Previously, the majority of studies have demonstrated cross-sectional associations between genetic findings and cognitive impairment. However, few have reported genetic and neuroimaging relationships. As well known, MRI studies demonstrate that frontal atrophy worse in the bvFTD cases while the temporal worse in semantic dementia, and this feature can distinguish between FTD and other dementing conditions [34]. MRI scans were abnormal in the majority of FTD patients (75%), with focal atrophy present in 100% of semantic dementia patients [35]. Lateralization of atrophy was a feature of semantic dementia as with the majority showing left-sided atrophy [35]. Previous cohort studies of MRI and FTD have focused primarily on findings in cross-sectional associations, the strengths of our study had 6 years follow-up periods. In rs192856872 carrier, the degeneration extends mainly caudally in the left posterior temporal lobes, then progress to the right side. A hallmark of the semantic dementia is the presence of semantic errors (e.g., ‘banana’ for apple; ‘dog’ for sheep), which is consistent with the gradual erosion of the capacity for discrimination between related concepts [36]. In the traditional neuropsychological tests, the Boston Naming Test and Animal Fluency Test scores reflect semantic memory, which were significantly decreased in rs192856872 carrier. Therefore, there is growing evidence that left anterior temporal lobe conceptual hub binds information from modality-specific systems and stores it in a modal format [37].

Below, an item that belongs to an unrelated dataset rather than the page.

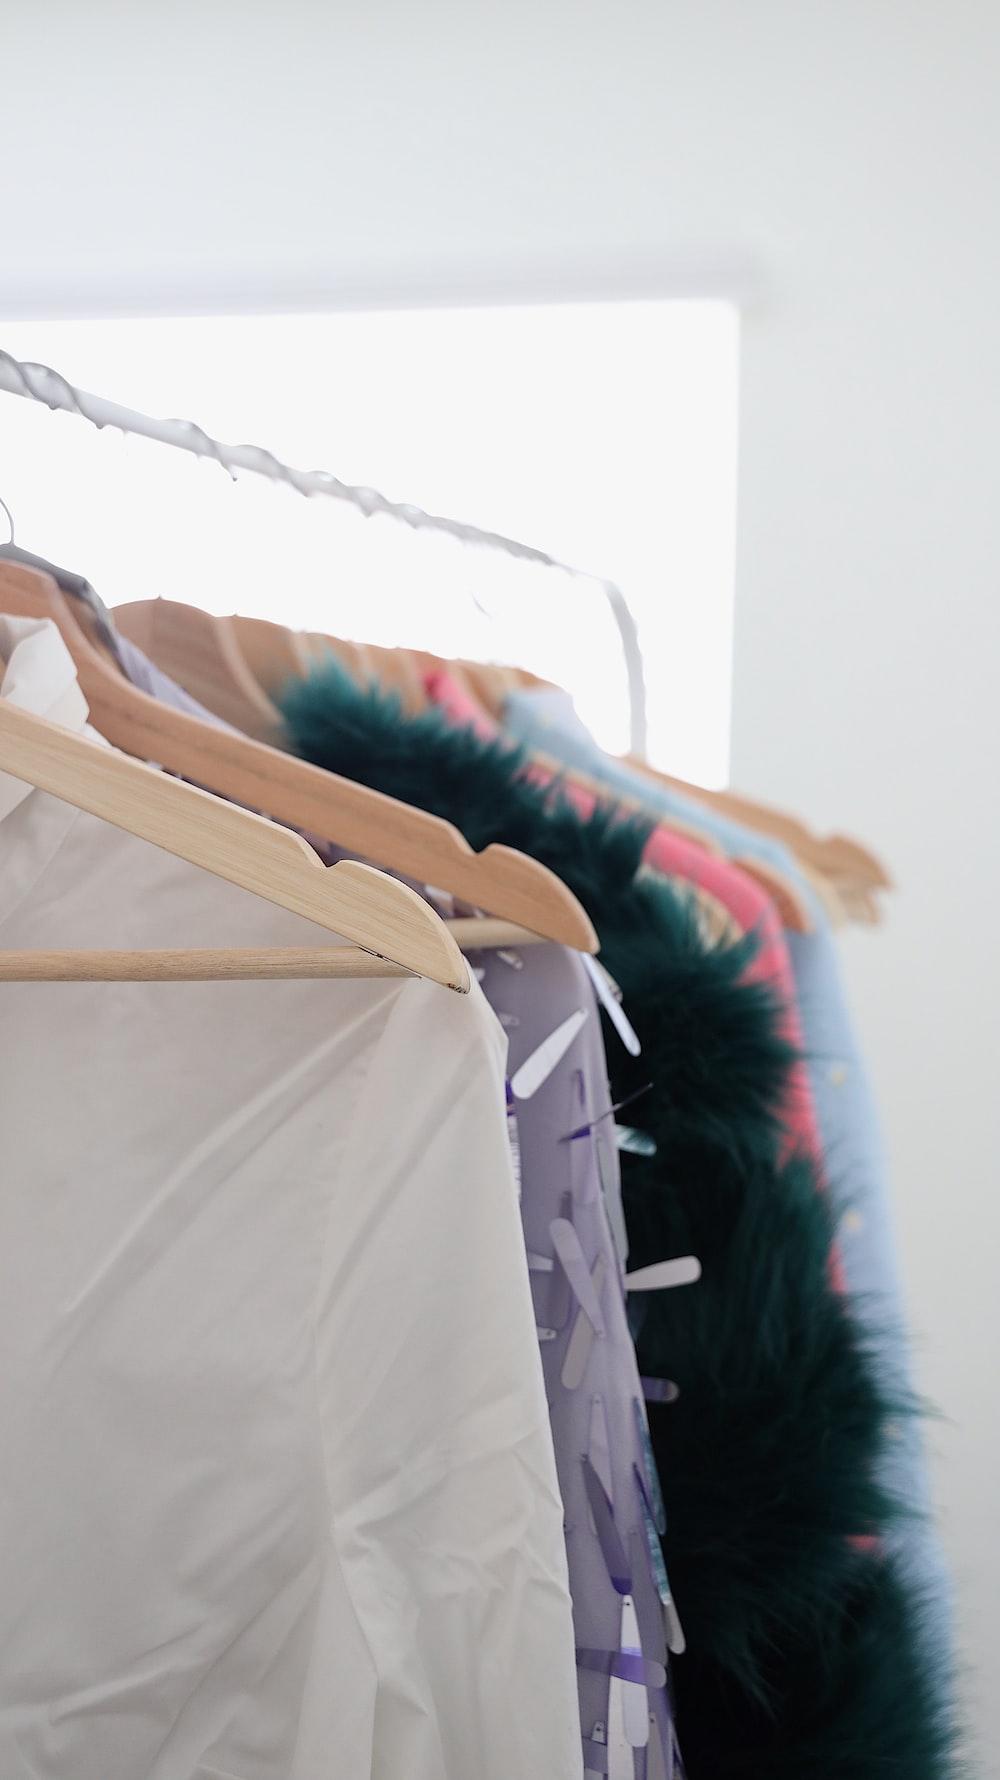 assorted garments hanging on rack

In summary, we identified a heterozygous variant of SIGMAR1 in a sporadic FTD patient without any mutation of MAPT and GRN genes, and without pathogenic repeat expansions in C9orf72. ESEFinder analysis showed the variant creates two new SRSF1 binding sites, which is predicted to affect normal splicing. The follow-up MR imaging showed asymmetrical atrophy in the anterior temporal lobes. Generally, our study provides genetic and neuroimaging support for the validity that SIGMAR1 variant plays an important role in FTD.
Footnotes
ACKNOWLEDGMENTS
We thank the patients and their families for their participation in this project. We thank Prof. Wei Fu and Baiyu Chen from Fudan University for the in silico analysis.
FUNDING
This study was supported by the National Natural Science Foundation of China (No. 81801045, 82071200).
CONFLICT OF INTEREST
The authors have no conflict of interest to report.
DATA AVAILABILITY
All datasets generated for this study are included in the article. The figures in our paper are original for this article, and we have permission to use it.